Detailed Description

Outline

Purpose

Provide an implementation of the WyHash algorithm final v3.

Classes

See also
bslh_hash

Description

bslh::WyHashIncrementalAlgorithm implements the WyHash algorithm by Wang Yi et al (see implementation file for full list of authors) with modifications. This algorithm is known to be very fast yet have good avalanche behavior.

The original algorithm was downloaded from https://github.com/wangyi-fudan/wyhash/blob/master/wyhash.h which had been updated on September 14, 2021, last commit 166f352, and modified to conform to BDE coding conventions with no change in the binary results produced.

The modifications are:

Security

WyHash is not a "Cryptographically Secure" hash. It is "Cryptographically Strong", but not "Cryptographically Secure". In order to be cryptographically secure, an algorithm must, among other things, provide "Collision Resistance", described in https://en.wikipedia.org/wiki/Collision_resistance , meaning that it should be difficult to find two different messages m1 and m2 such that hash(m1) == hash(m2). Because of the limited sized output (only 2**64 possibilities) and the fast execution time of the algorithm, it is probable to find two such values searching only about sqrt(2**64) == 2**32 inputs, which wont take long.
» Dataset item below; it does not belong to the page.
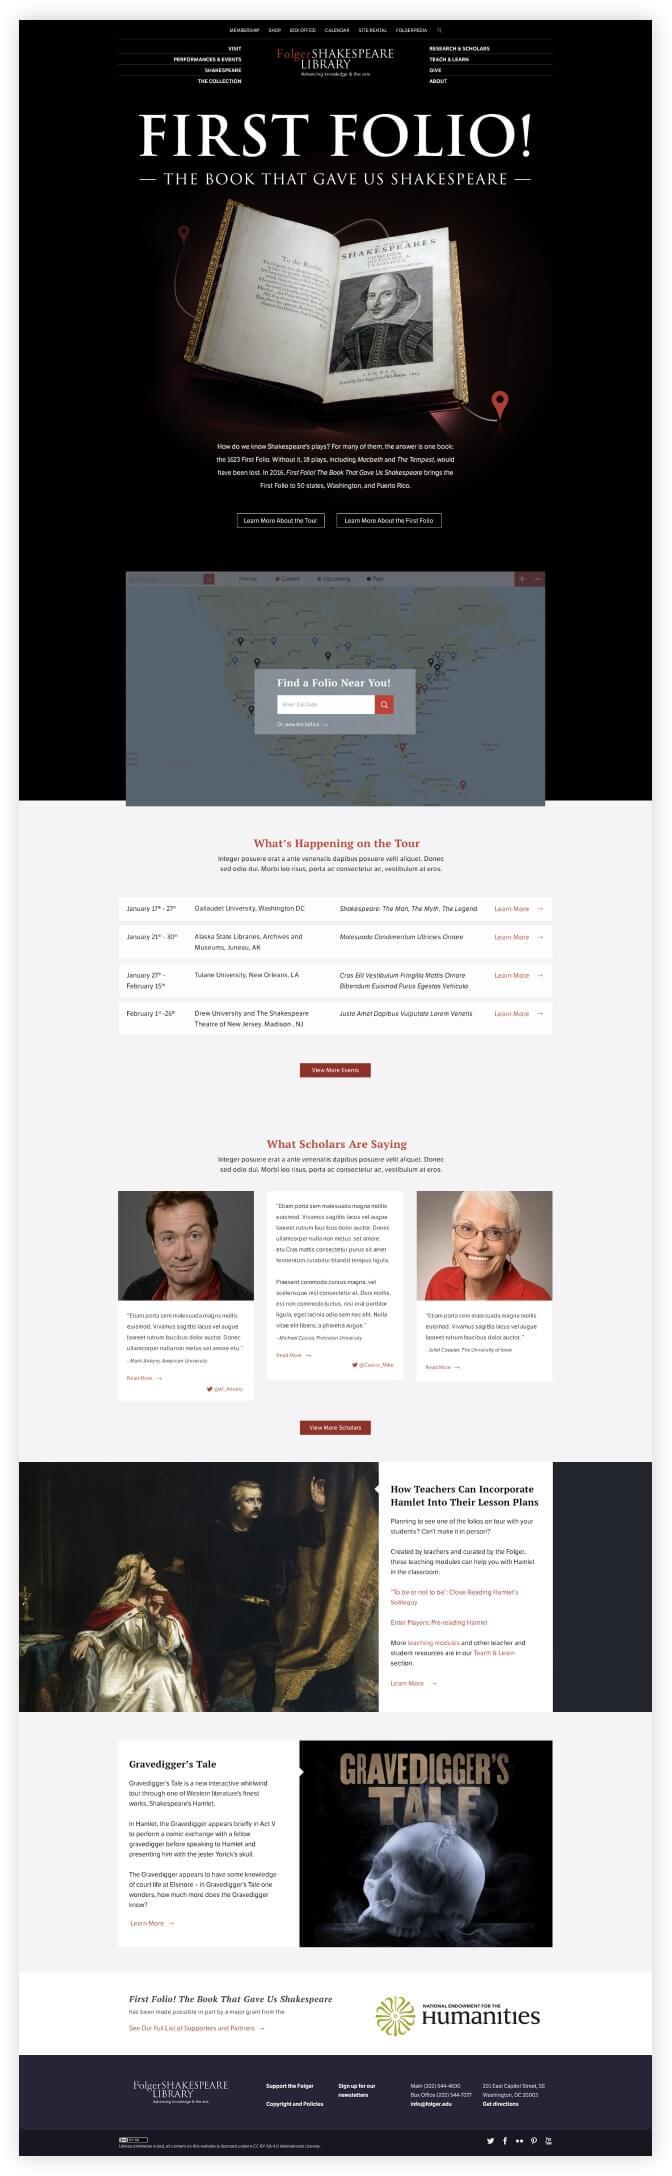 first folio website homepage screenshot

WyHash is, however, a cryptographically strong PRF (pseudo-random function). This means, assuming a cryptographically secure random seed is given, the output of this algorithm will be indistinguishable from a uniform random distribution. This property is enough for the algorithm to be able to protect a hash table from malicious Denial of Service (DoS) attacks.

Denial of Service (DoS) Protection

Given a cryptographically secure seed, this algorithm will produce hashes with a distribution that is indistinguishable from random. This distribution means that there is no way for an attacker to predict which keys will cause collisions, meaning that this algorithm can help mitigate Denial of Service (DoS) attacks on a hash table. DoS attacks occur when an attacker deliberately degrades the performance of the hash table by inserting data that will collide to the same bucket, causing an average constant time lookup to become a linear search. This protection is only effective if the seed provided is a cryptographically secure random number that is not available to the attacker.

Hash Distribution

Output hashes will be well distributed and will avalanche, which means changing one bit of the input will change approximately 50% of the output bits. This will prevent similar values from funneling to the same hash or bucket.

Alignment-Independence

The value obtained by hashing a segment of memory is independent of the alignment of the segment of memory.

Subdivision-Invariance

Note that this algorithm is subdivision-invariant (see {bslh_hash |Subdivision-Invariance}).

Speed

This algorithm is at least 2X faster than Spooky on all sizes of objects on Linux, Windows, and Solaris. On Aix it is about twice as fast as Spooky on small objects and about 50% slower on large objects.

Usage

This section illustrates intended usage of this component.

Example: Creating and Using a Hash Table

Suppose we have any array of types that define operator==, and we want a fast way to find out if values are contained in the array. We can create a HashTable data structure that is capable of looking up values in O(1) time.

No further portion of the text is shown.